L'Esprit envoûteur
Symphonie concertante pour flûte en sol. harpe, cordes et percussions (opus 9)
La partition et le matériel d'exécution sont disponibles au Centre de musique canadienne:
Contact: atelier@cmccanada.org ou / or quebec@cmccanada.org
Que «raconte» donc L'Esprit envoûteur?
En 1983, je ne connaissais pas ma condition autistique mais cette œuvre
la traduit très bien et est inspirée par le thème du rejet social,
souvenir inconscient de mon traumatisme du Secondaire (intimidation
physique et psychologique subie quotidiennement): significativement,
c'est la pièce la plus ambitieuse que j'ai composé jusqu'alors, en durée
et en effectif (L'Esprit demande environ 25
musiciens).
La légende d'origine parle d’un Indien handicapé rejeté par
sa communauté parce qu’il ne peut contribuer à sa sécurité matérielle.
Peiné, il erre dans la forêt et entend une musique envoûtante. Il
rencontre alors une Indienne jouant de la flûte. Cette
musique le transporte hors du temps.
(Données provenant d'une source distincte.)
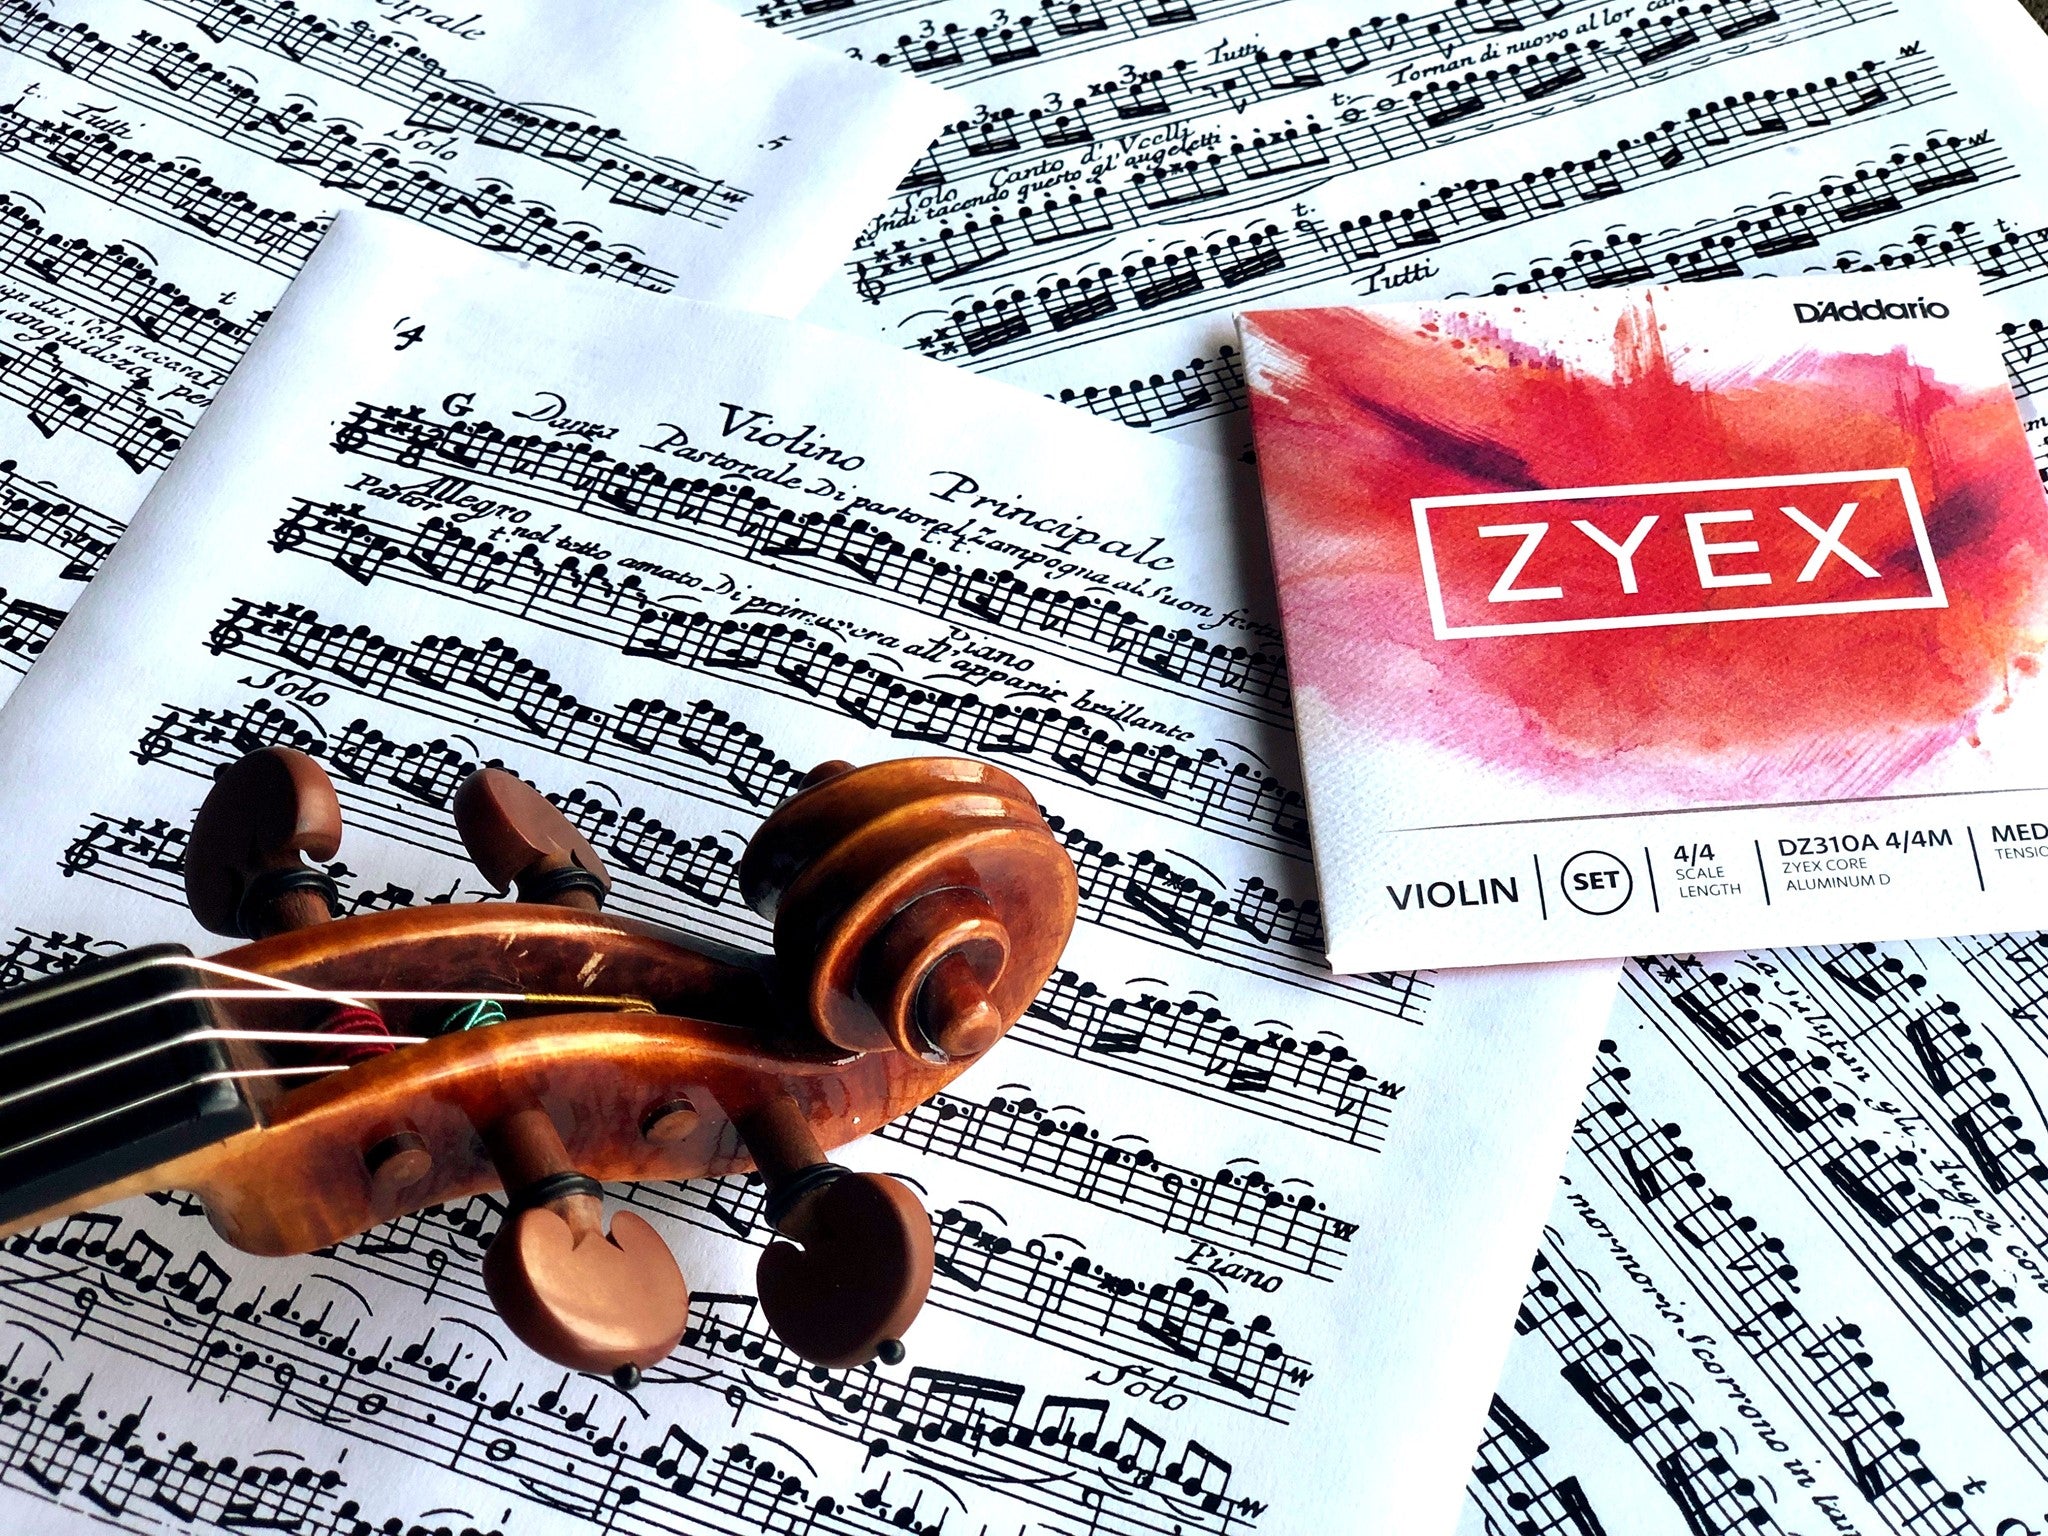 D'Addario Zyex Viola Strings

L’Indienne lui fait cadeau d’une
grande quantité de provisions qu’il ramène à son village. À son retour,
tous sont étonnés : il était disparu depuis si longtemps qu’on le
croyait mort. Plus encore : il rapporte de quoi assurer la subsistance
de la communauté pendant très longtemps. Mais la musique l’a transformé.
L’Indienne flûtiste était en fait un esprit envoûteur et, à son
contact, il en est devenu un à son tour. Ne pouvant plus vivre parmi les
humains, il quitte le monde visible dans un tourbillon de vent et de
fumée, sous les yeux de sa communauté médusée qui pleure alors son
départ et regrette l’avoir si mal traité jadis…
Cette légende me
touchait profondément, car elle parlait de la solitude, des handicapés
ou marginaux contre qui s’exerce de la violence. Je ne pouvais pas ne
pas m’identifier au personnage principal. D’une certaine façon, cette
symphonie est une critique sociale. Mais sa musique n’est ni agressive
ni nourrie de colère. Un sentiment de paix, de départ serein s’y
exprime.
Aujourd’hui, je vois le lien entre L’Esprit envoûteur et mes expériences de vie. Mais à l’époque, tout avait été intuitif.
L’Esprit envoûteur compte cinq mouvements pour une durée totale d’environ 28 minutes. Les mouvements impairs sont brefs (Prélude, Interlude, Postlude), tandis que les mouvements pairs sont plus longs et de style narratif : ils «racontent» l’histoire (Premier tableau, Deuxième tableau). Le Prélude
campe une atmosphère magique et nocturne (il se termine dans le silence
avec une machine à vent, ou éoliphone, et des mobiles en bois). Le Premier tableau
dépeint la solitude d’un homme rêveur qui, handicapé et mauvais
chasseur, est rejeté par les siens (solo de harpe), puis l’apparition
d’un Esprit envoûteur le charmant avec sa flûte. Après une danse lunaire
(Interlude), le Deuxième tableau est celui des incantations qui culminent en un sommet sonore fracassant. Dans le Postlude,
la flûte lointaine chante ses vocalises sur les harmonies profondes des
cordes qui disparaissent peu à peu en se confondant avec le vent dans
les feuilles des arbres.
Aucune tonalité ne se fixe: le langage musical est vécu ici sans pesanteur comme en un rêve (ce qui rejoint la dimension surnaturelle de la légende), et les percussions (qui jouent presque constamment) éclairent la musique de l'intérieur comme en un halo lunaire. Or, oui, il y a bel et bien une tonalité principale dans L'Esprit, mais elle agit en coulisse, presque sans jamais de montrer, sinon du bout du nez et à peine! Pourtant, le principe de la musique tonale est, au contraire, d'affirmer la tonalité, et son moteur est la tension créée autour de cette tonalité. Mais justement, la musique comme la légende parlent ici d'un monde qui est hors du monde matériel.
Depuis L'Esprit, j'ai composé d'autres pièces qui procèdent exactement de même, avec une «tonalité furtive» mais néanmoins agissante.
La première exécution de l'oeuvre a eu lieu le 16 février 2002 en l’église Saint-Benoît-Abbé de Hull (Gatineau), avec Claire Marchand à la flûte, Caroline Léonardelli à la harpe, et l'Orchestre de chambre de Hull était dirigé par Louis Lavigueur.